Battling Hodgkin’s, Specter Faces Chemotherapy
Senate Judiciary Chairman Arlen Specter (R-Pa.) announced Wednesday that he has an advanced stage of Hodgkin’s disease and will undergo chemotherapy for the next six to eight months.
According to a statement released by his office Wednesday evening, Specter is expected to “be able to perform all duties of his office including those related to the chairmanship of the Judiciary Committee” while recovering from the disease.
The statement said there is a 70 percent survival rate over five years for patients with this level of Hodgkin’s.
Specter will miss today’s committee markup of the bankruptcy bill. It remained unclear when Specter, who was still recovering in Philadelphia, would be back on Capitol Hill. Sen. Orrin Hatch (R-Utah), whom Specter replaced as chairman after a November fight over his views on abortion, will chair today’s markup.
In the statement, Specter referenced the litany of health battles he has waged over the past dozen years, as well as the handful of times he’s trumped the odds in campaigns and internal Senate fights.
“I have beaten a brain tumor, bypass heart surgery and many tough political opponents; and I’m going to beat this too. I have a lot more work to do for Pennsylvania and America,” he said.
Just elected to a record sixth term by Pennsylvania’s voters, Specter celebrated his 75th birthday Saturday. If his health deteriorated and he was unable to complete his term, Gov. Ed Rendell (D), one of the Senator’s closest friends, would appoint his successor. Pennsylvania election law would require a special election the next time state or local elections were held.

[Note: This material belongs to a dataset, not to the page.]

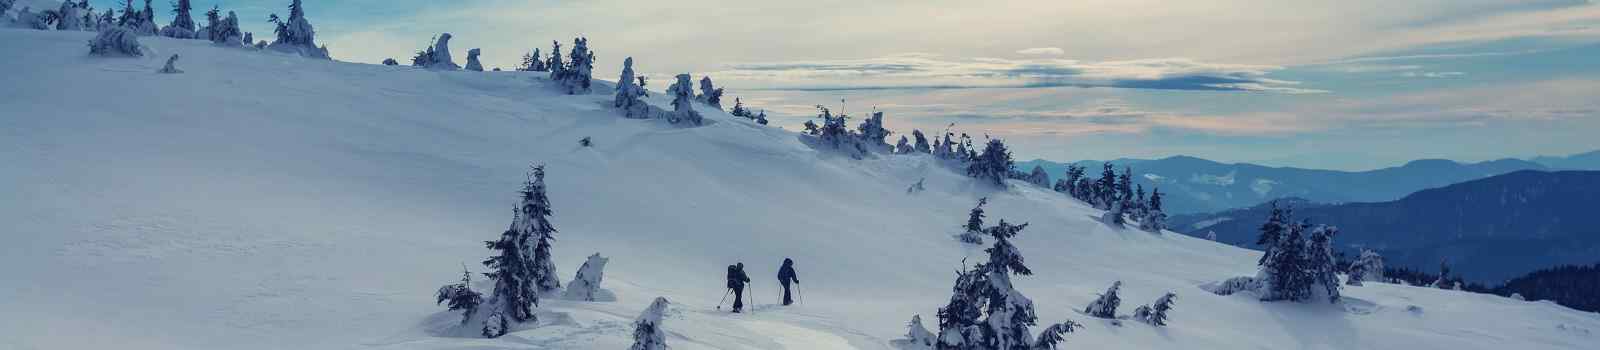 SCHNEESCHUHWANDERN-SCHLIE  Hikers in the winter mountains shutterstock 534857782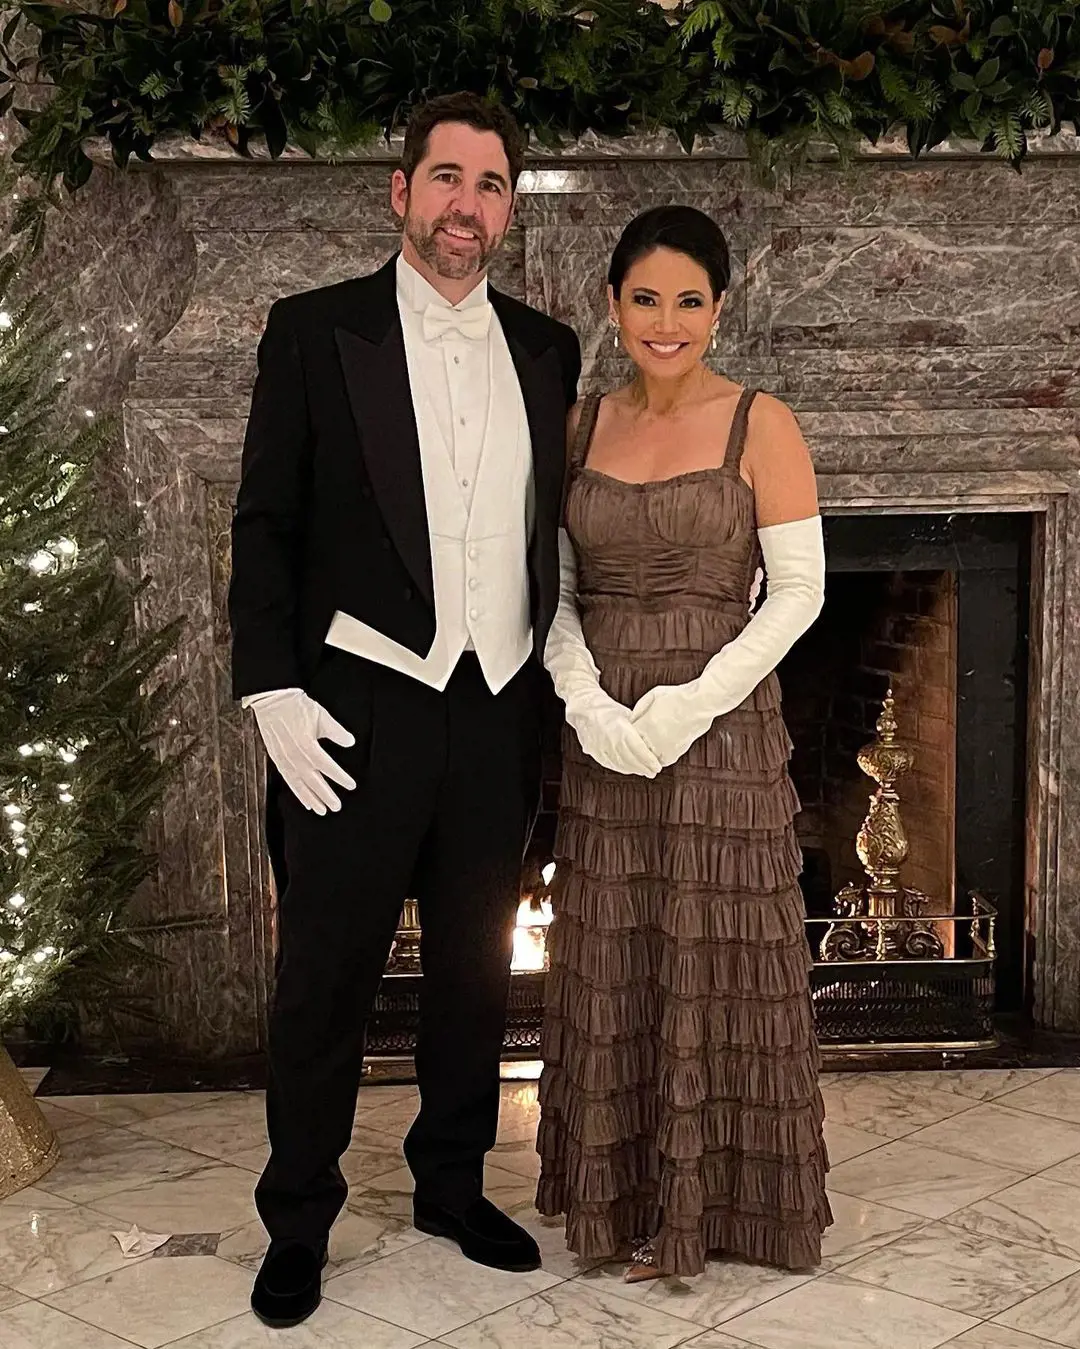 The couple took the photo at Flamenco 2022

Specter has not been on the Hill this week. The statement said he had experienced persistent fevers and enlarged lymph nodes under his left arm and above his left clavicle. He received testing Monday at Thomas Jefferson University Hospital in Philadelphia.
The testing involved biopsy of a lymph node and biopsy of bone marrow. The lymph node was positive for Hodgkin’s disease. The bone marrow biopsy showed no cancer.
A follow-up PET scan and MRI at the Abramson Cancer Center of the University of Pennsylvania on Wednesday established that Specter has stage IVB Hodgkin’s disease.
His office released a statement from his oncologist at Penn, John H. Glick.
“Senator Specter has an excellent chance of being completely cured of his Hodgkin’s disease,” Glick said. “Senator Specter’s Hodgkin’s disease has a five-year survival rate of 70 percent. He is in superb physical condition, particularly in light of his daily squash regimen.”